---------- GIVEN MATERIAL

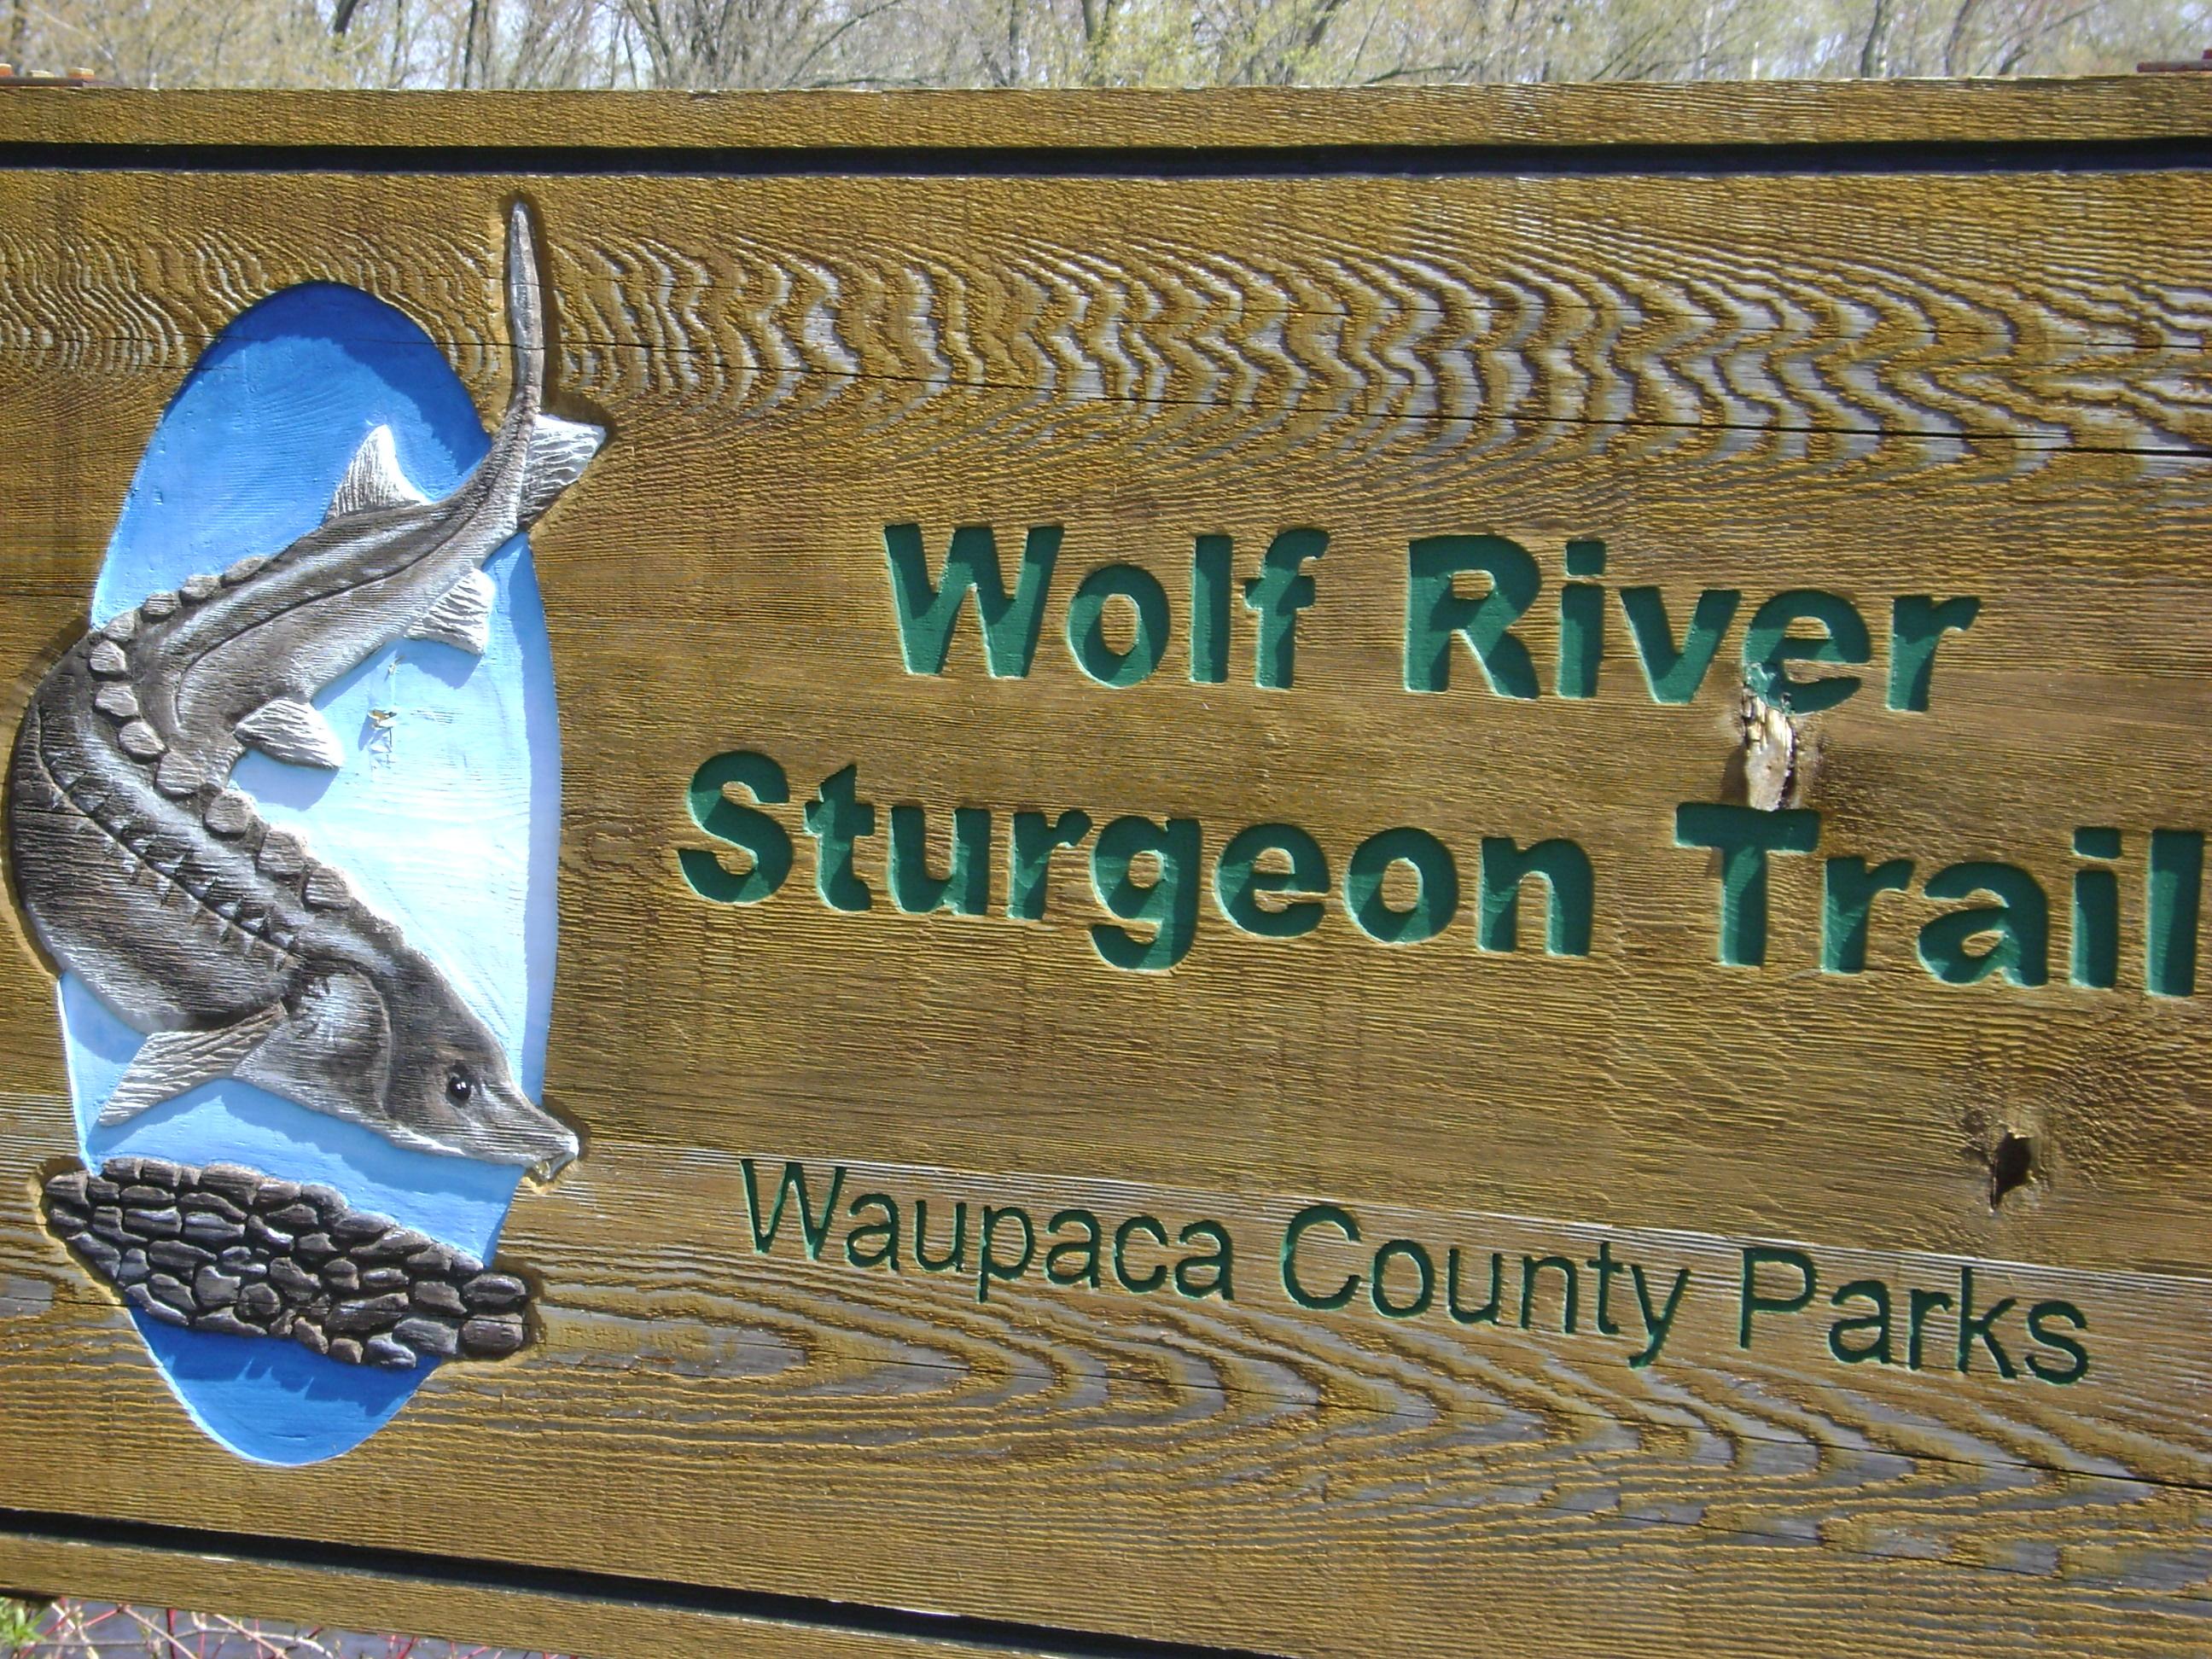 Following the Sturgeon Trail in NE Wisconsin
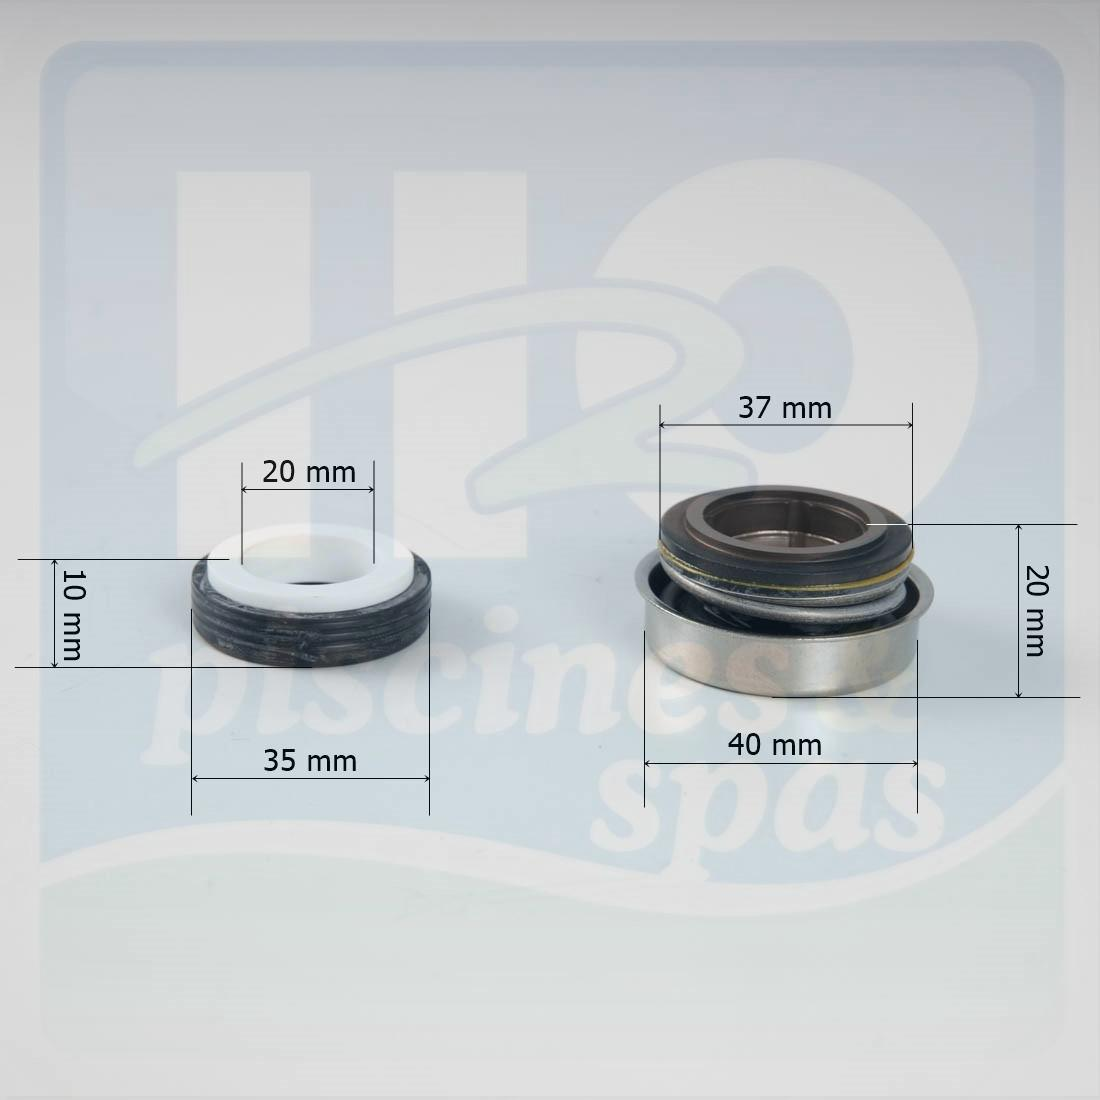 Garniture mcanique de pompe astral glass plus h2o piscines spas for Pompe piscine astral glass plus
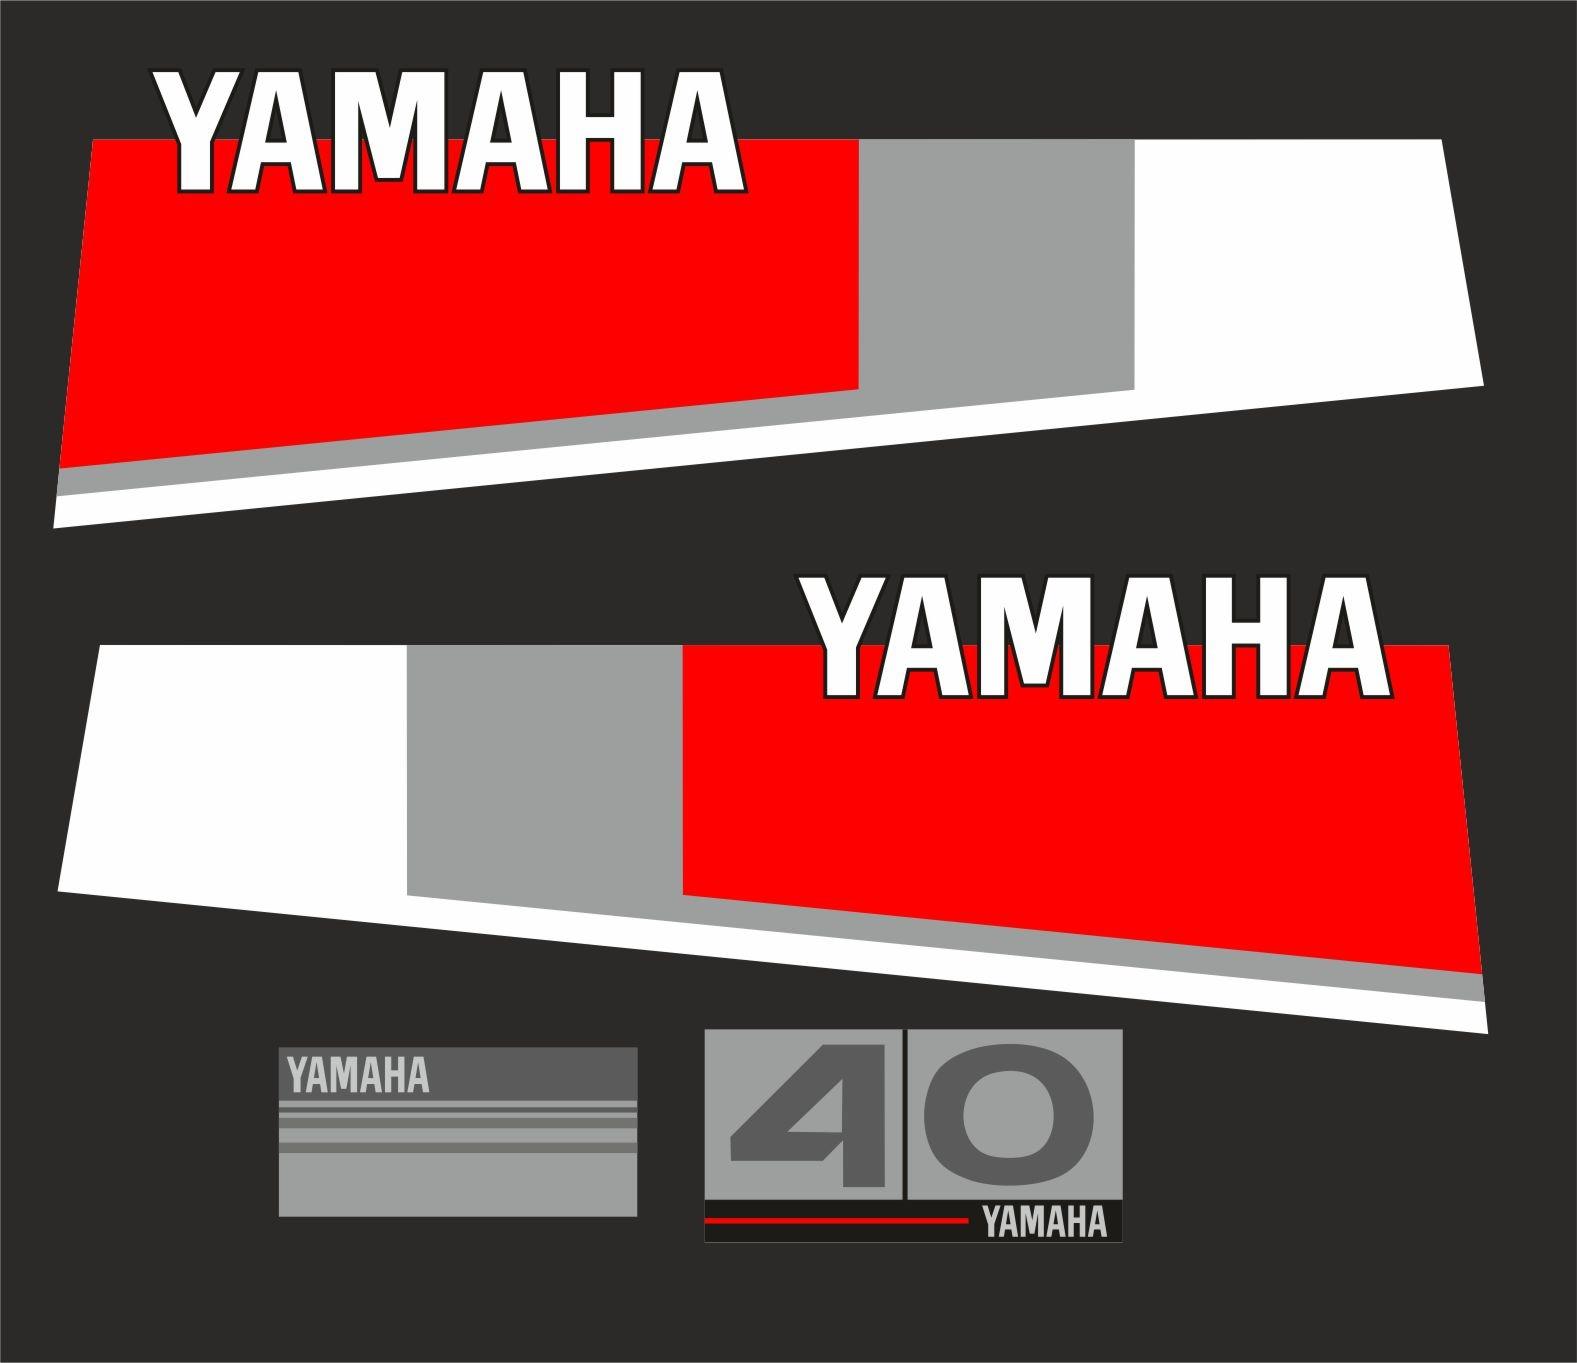 Yamaha 40 bouwjaar 1984 – 1987 Sticker set

--------------------

- [THE PROBLEM]
Where pictures sit among the data above, omit them, and output the rest exactly.

- [SOLUTION]
 Following the Sturgeon Trail in NE Wisconsin
 Garniture mcanique de pompe astral glass plus h2o piscines spas for Pompe piscine astral glass plus
 Yamaha 40 bouwjaar 1984 – 1987 Sticker set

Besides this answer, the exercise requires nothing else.